Source:
https://scmp.com/article/582677/filipino-toddler-thriving-year-after-life-saving-liver-transplant

Filipino toddler thriving a year after life-saving liver transplant

One year has made big difference to three-year-old Filipino Mark Jairius Mendoza, who received a HK$1 million life-saving liver transplant in the city with the help of generous Post readers and donors to coin-collection boxes in the Philippines.

Mark, back in town this week for a medical check-up at the Liver Transplant Centre almost a year after the March 9 transplant, is a happy and active youngster whose reliance on medicine has decreased dramatically.

His mother, Lyden, gave part of her liver during the marathon double surgery to cure her son of congenital biliary atresia, an absence or closure of ducts that drain bile from the liver.

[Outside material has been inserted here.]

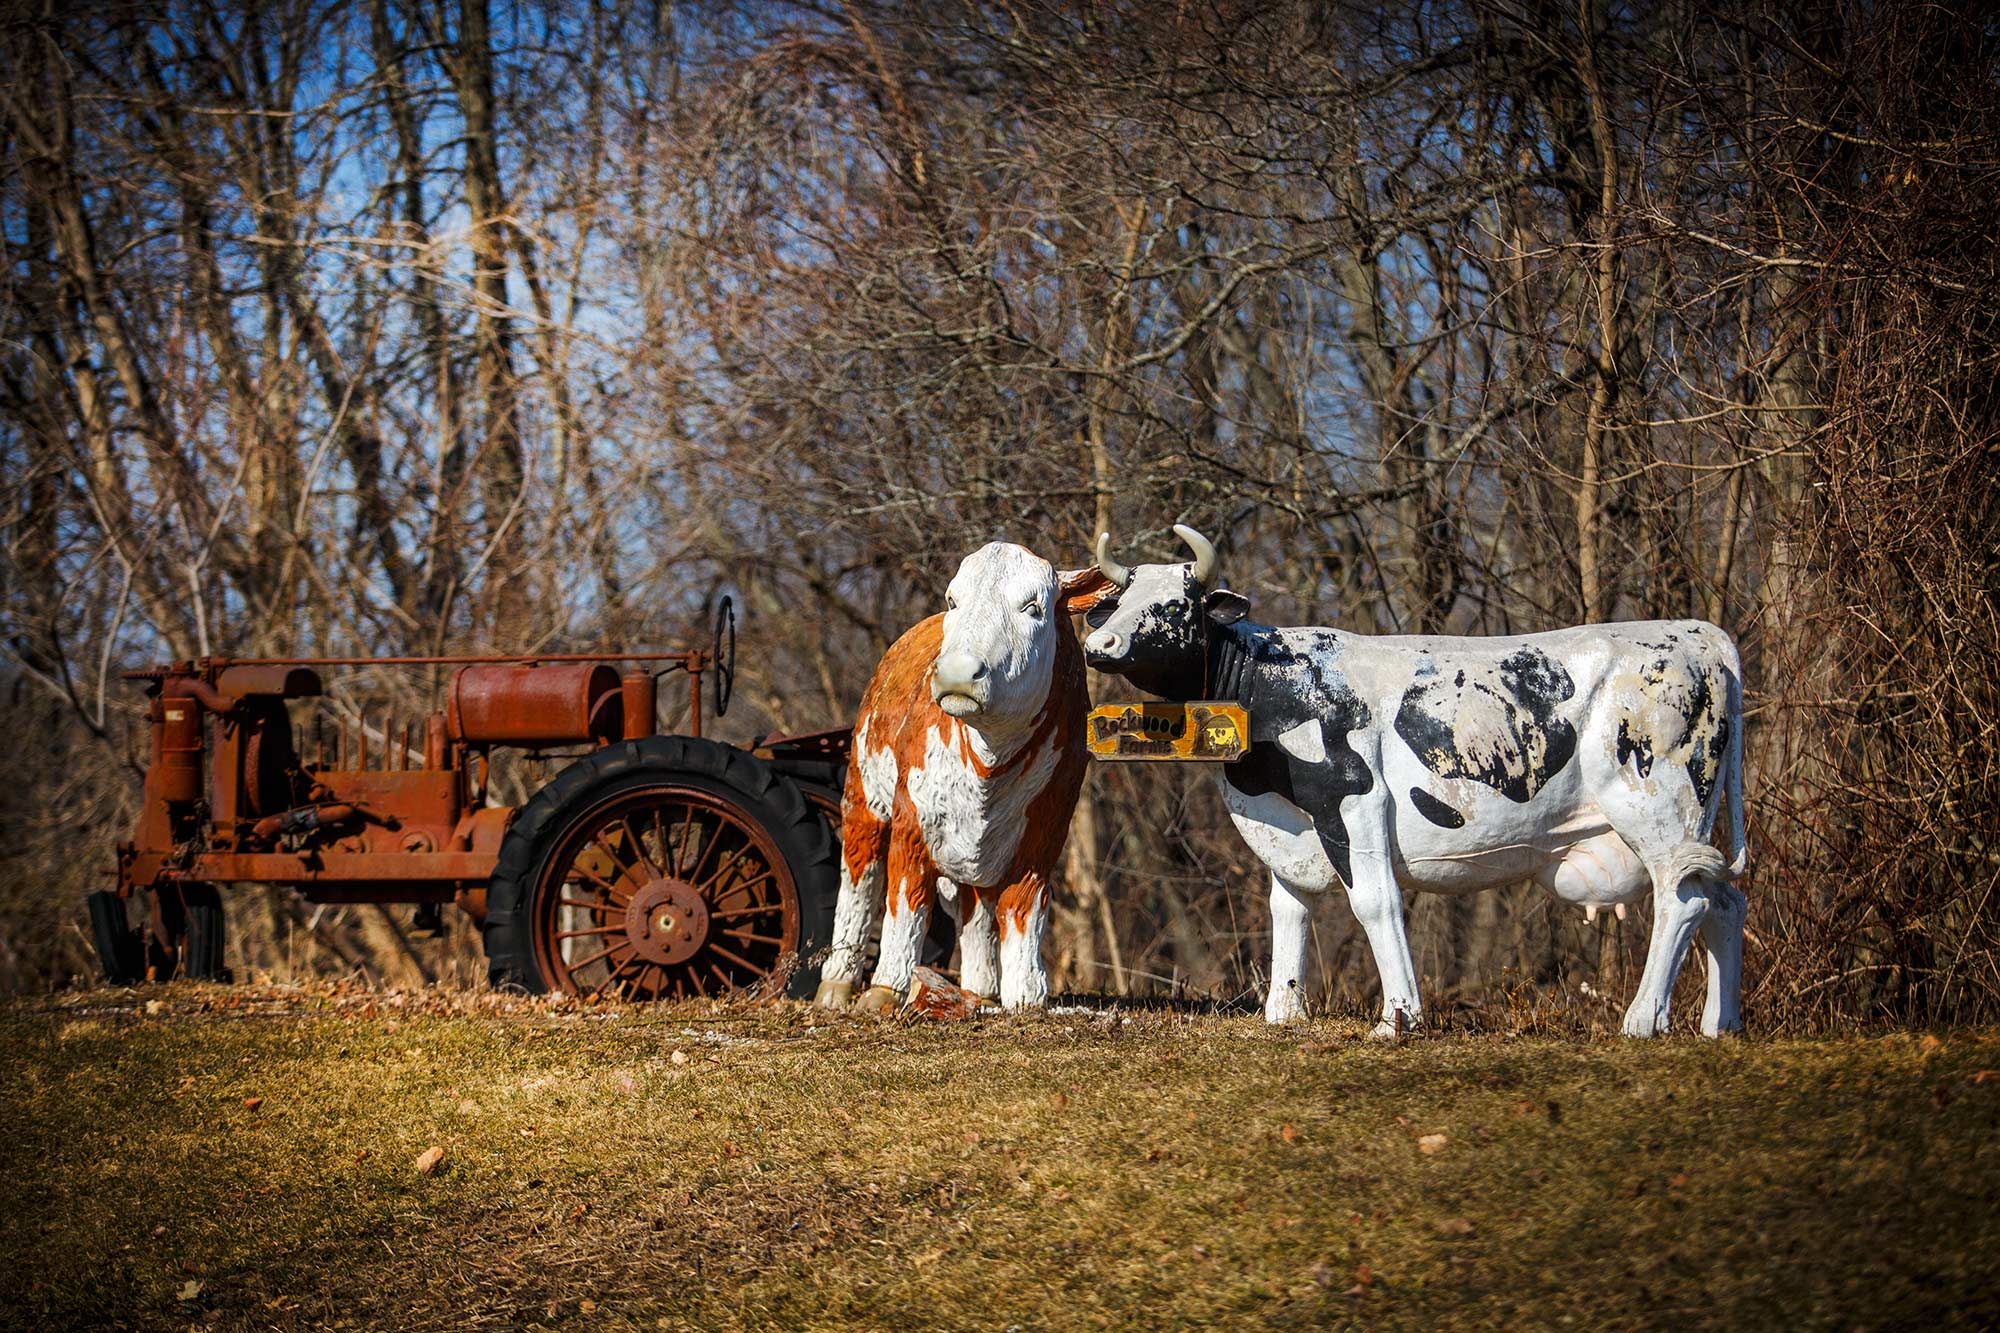 Odd place for cows, East Granby, CT - 4/2/15

'March 9 will be Mark's second birthday,' Mrs Mendoza said. 'I had promised to myself that I would bring him back to Hong Kong one year after the transplant, so he could see more of the city that made this possible.'

The boy turns four in August.

Mother and son flew in on Wednesday, and the next day went to see the liver surgeons Lo Chung-mau, chair professor of hepatobiliary surgery at the University of Hong Kong, and assistant professor of surgery Vanessa De Villa. They fly back to Manila on Monday.

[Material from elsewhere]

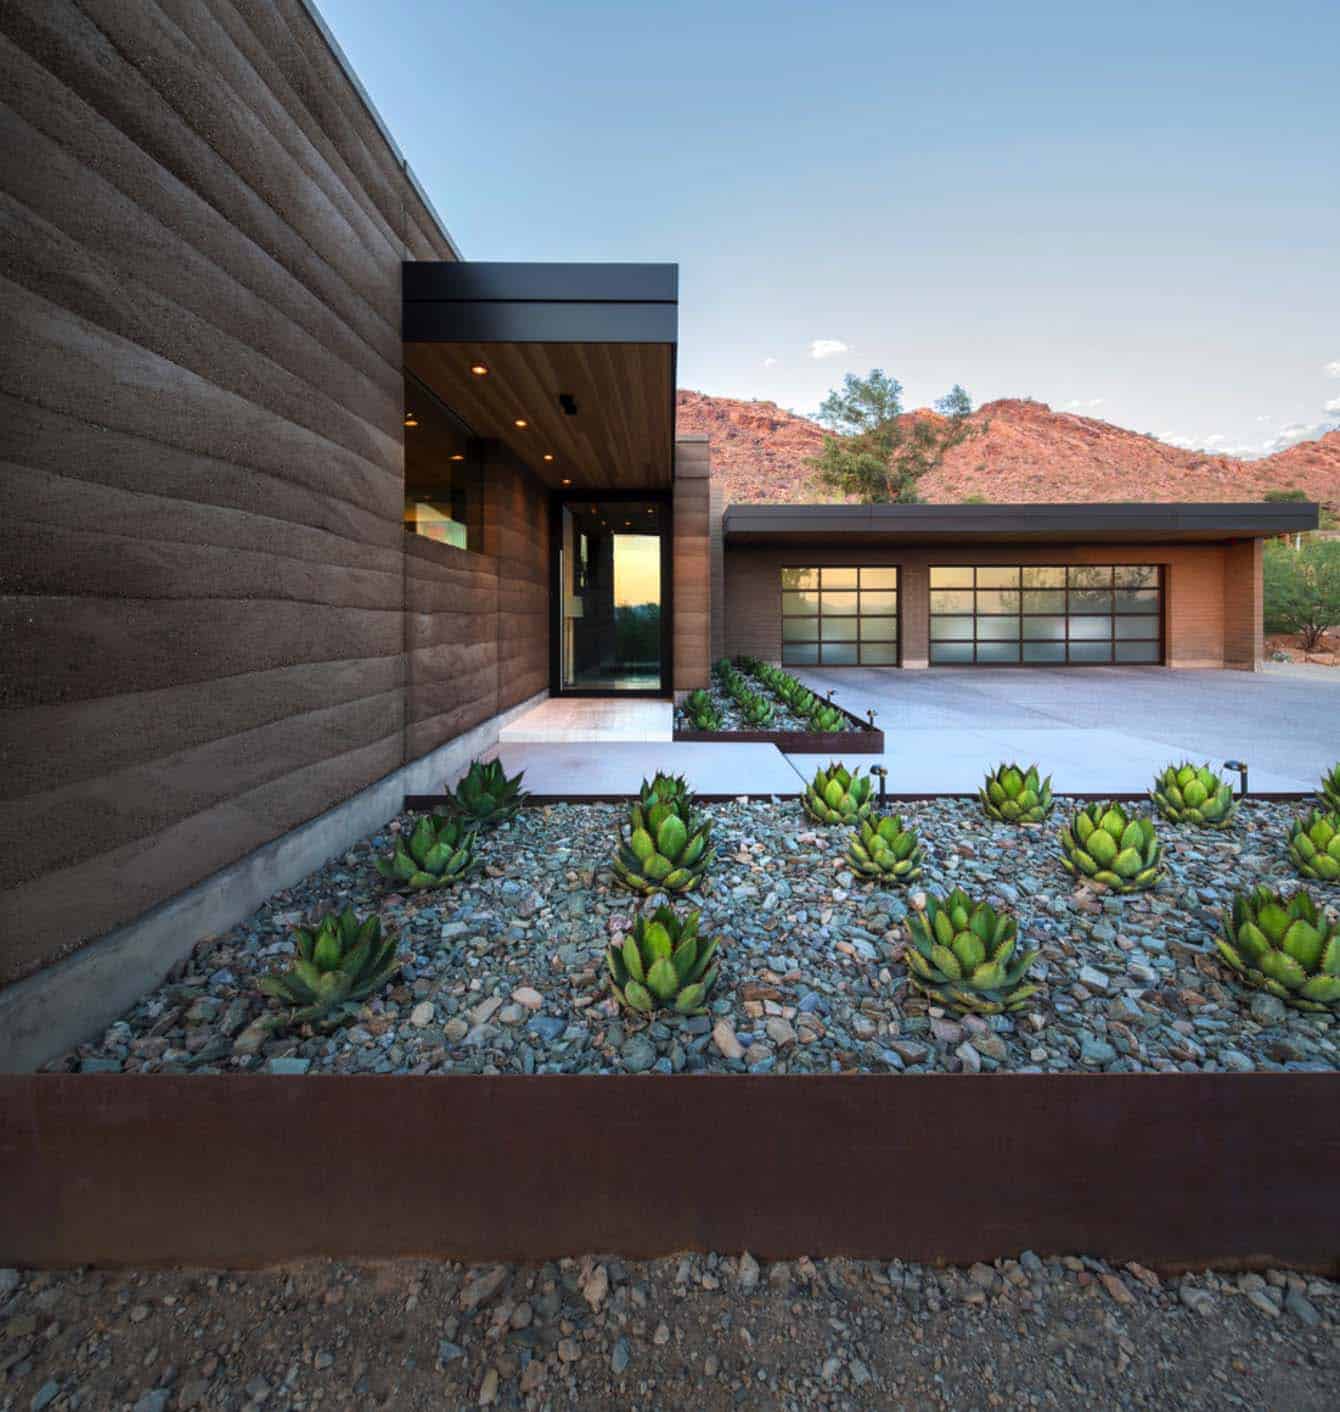 Fascinating rammed earth home piercing the deserts of Arizona

Mark has grown taller, talks a lot, keeps jumping and tumbling - and loves to collect toy dinosaurs and wearing his Blue Power Ranger wristband. From 18 doses of medicine a day, he now only has to take two and a weekly battery of tests has been reduced to monthly.

In June, Mark will start junior nursery school in Manila and by August might have a younger sibling. Mrs Mendoza is pregnant.